Author: Timmappa Kamat04 Jan 2016 Member Level: Gold   Points : 5

Bhasker, you seem to be confusing net neutrality with the data plan prices. What Net Neutrality proposes is once you subscribe to a particular data plan, you should be able to use it for whatever Internet has an offer. Forcing a differential treatment of services or platforms is against the principle of net neutrality. Your complaint about data plan pricing should be a matter of a separate discussion. Suppose I am subscribed to 1 GB data pack for 28 days. What if my service provider says I cannot use it for WhatsApp? Shall I agree to it? Absolutely not! Same goes for free basics. By making it appear as if they are offering something for free, they have been exploiting the gullible subscribers. Offering a thing for free amounts to discriminating it against the other. Hope you understood it now clearly.

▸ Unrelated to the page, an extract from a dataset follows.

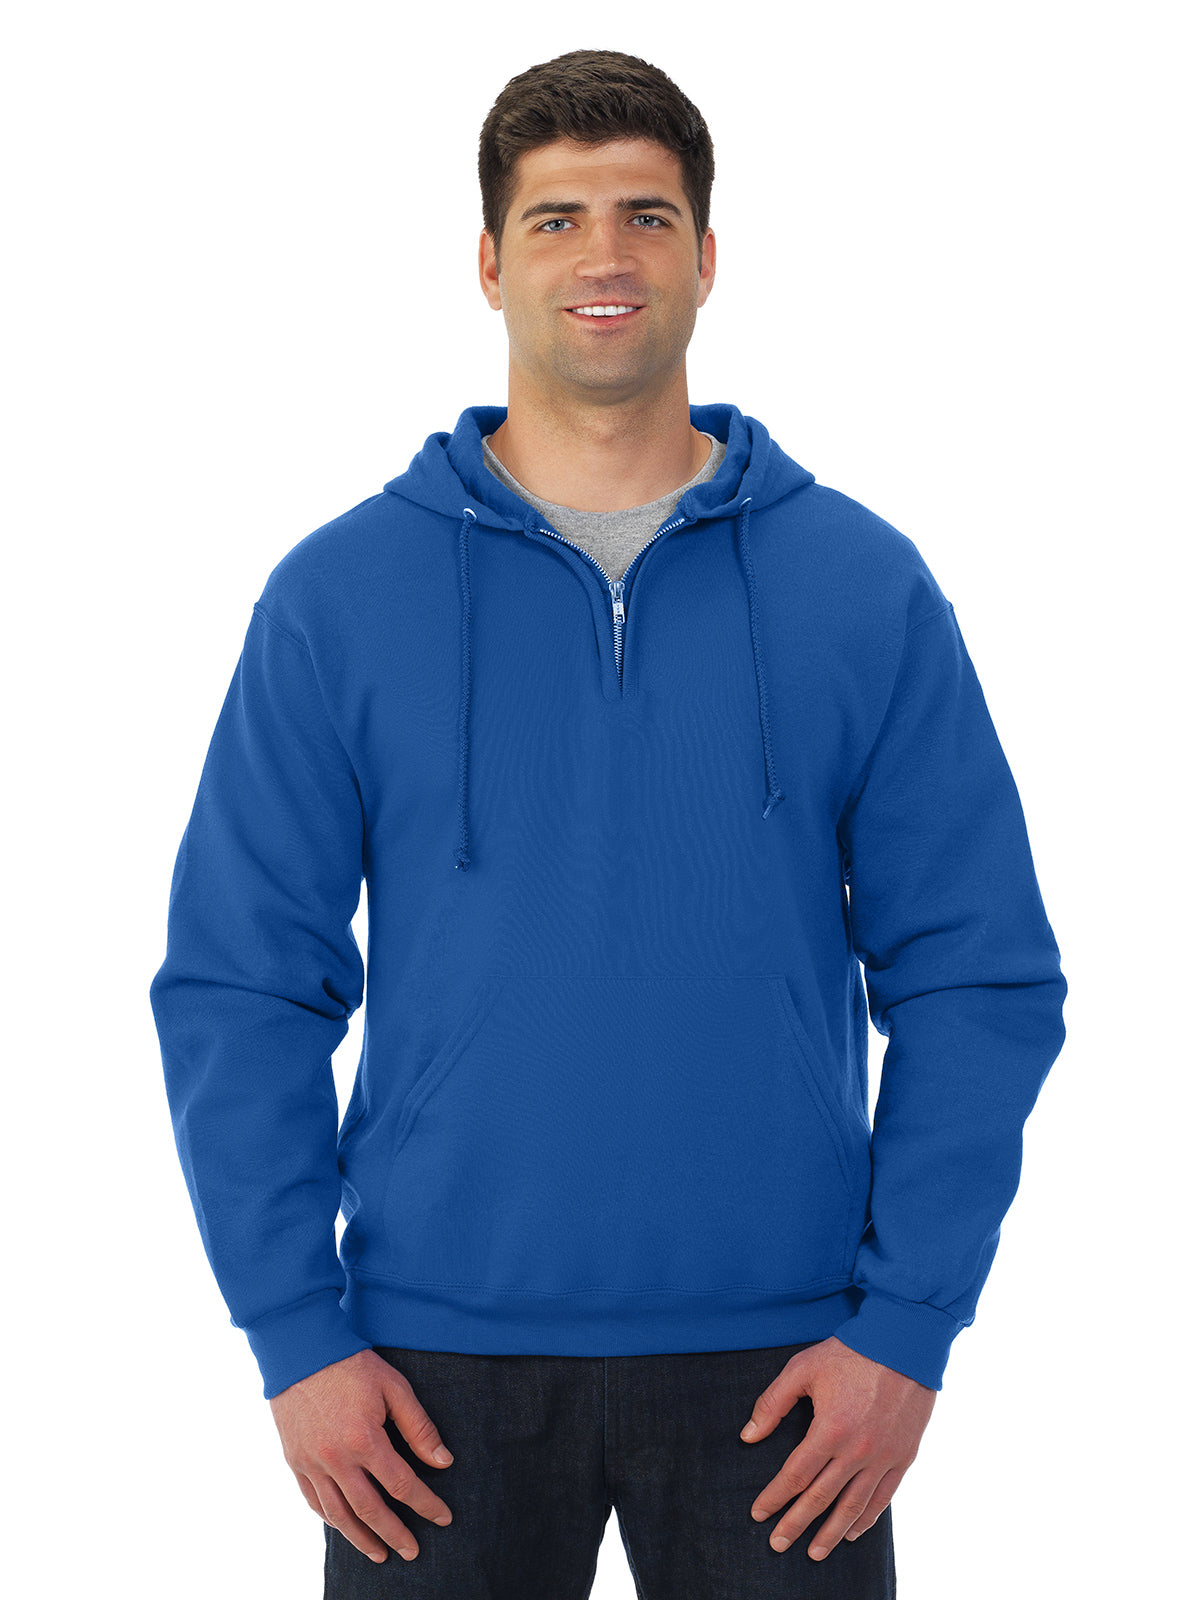 JZ994MR - Jerzees Adult NuBlend Quarter Zip Hooded Sweatshirt

Author: Timmappa Kamat13 Jan 2016 Member Level: Gold   Points : 6

The deadline set by TRAI to receive suggestions ended on 7th January, 2016. Interestingly enough, initial reports suggest that 80% of the responses have come in favour of free basics! Now, does it not seem like a result of aggressive lobbying from Facebook? It has been coming up with frequent pop-ups on its apps to send the petition via the app. And I am sure for most of the people using Facebook, internet is nothing more than Facebook and WhatsApp! TRAI should, in fact, reject all suggestions coming from such IDs.

Author: Ankit13 Jan 2016 Member Level: Diamond   Points : 4

There is a silver lining though too in that initial report by TRIA. Individual responses which were removed directly from email ids were overwhelmingly against Free Basics. If TRIA uses some common logic of rejecting common automated responses, like those sent by Facebook medium, then I think we do have something to be hopeful about.

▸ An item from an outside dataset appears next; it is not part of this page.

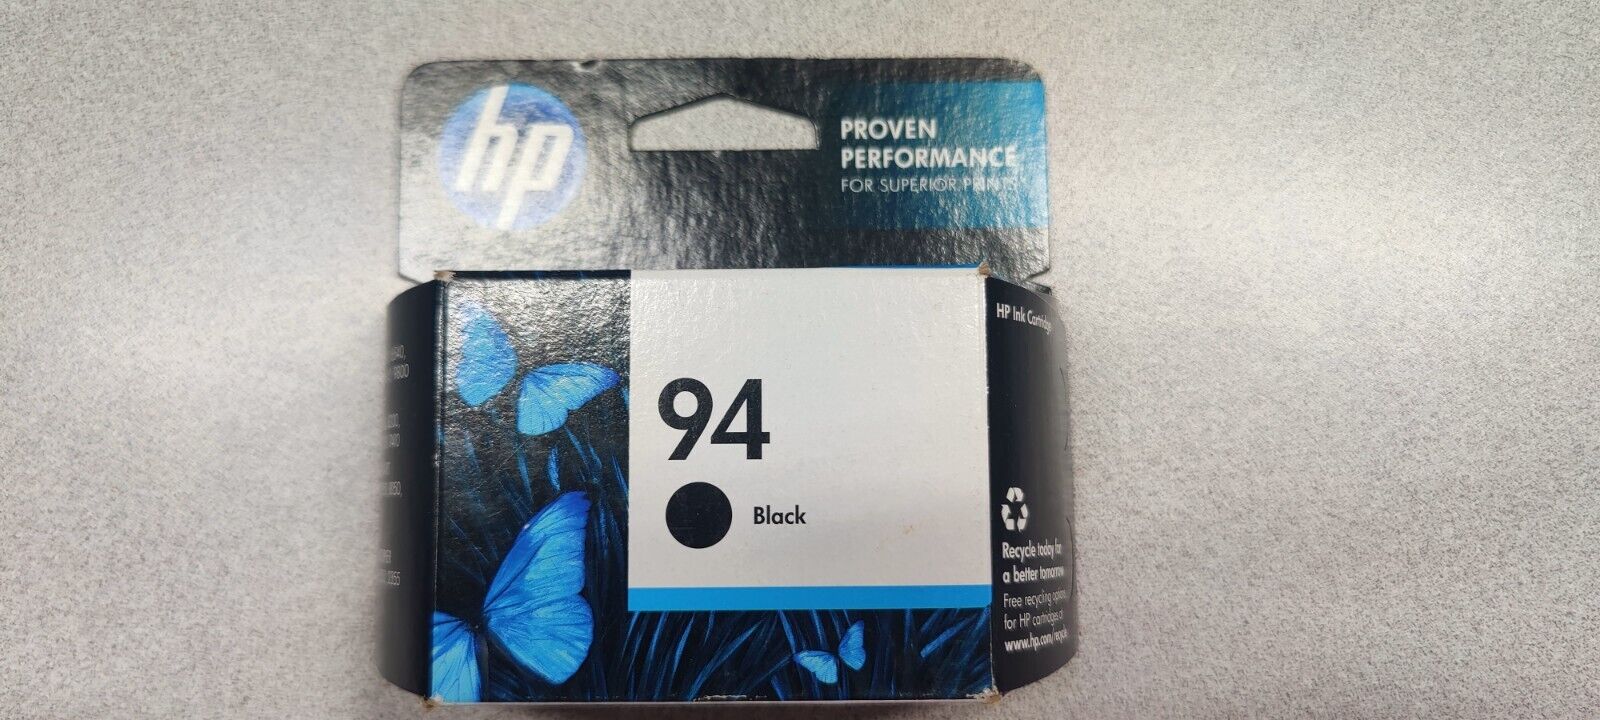 Genuine HP 94 Ink Cartridge - Black NEW/Expired (C8765WN)

Author: Timmappa Kamat09 Feb 2016 Member Level: Gold   Points : 4

And the wish has been granted! TRAI has categorically denied permission to the concepts like Free Basics. No operator can resort to differential pricing when it comes to internet based services.
This has in effect made the ideas like Free Basics and AirTel Zero completely illegal in India. It is a clear Win Win situation for Indian net users.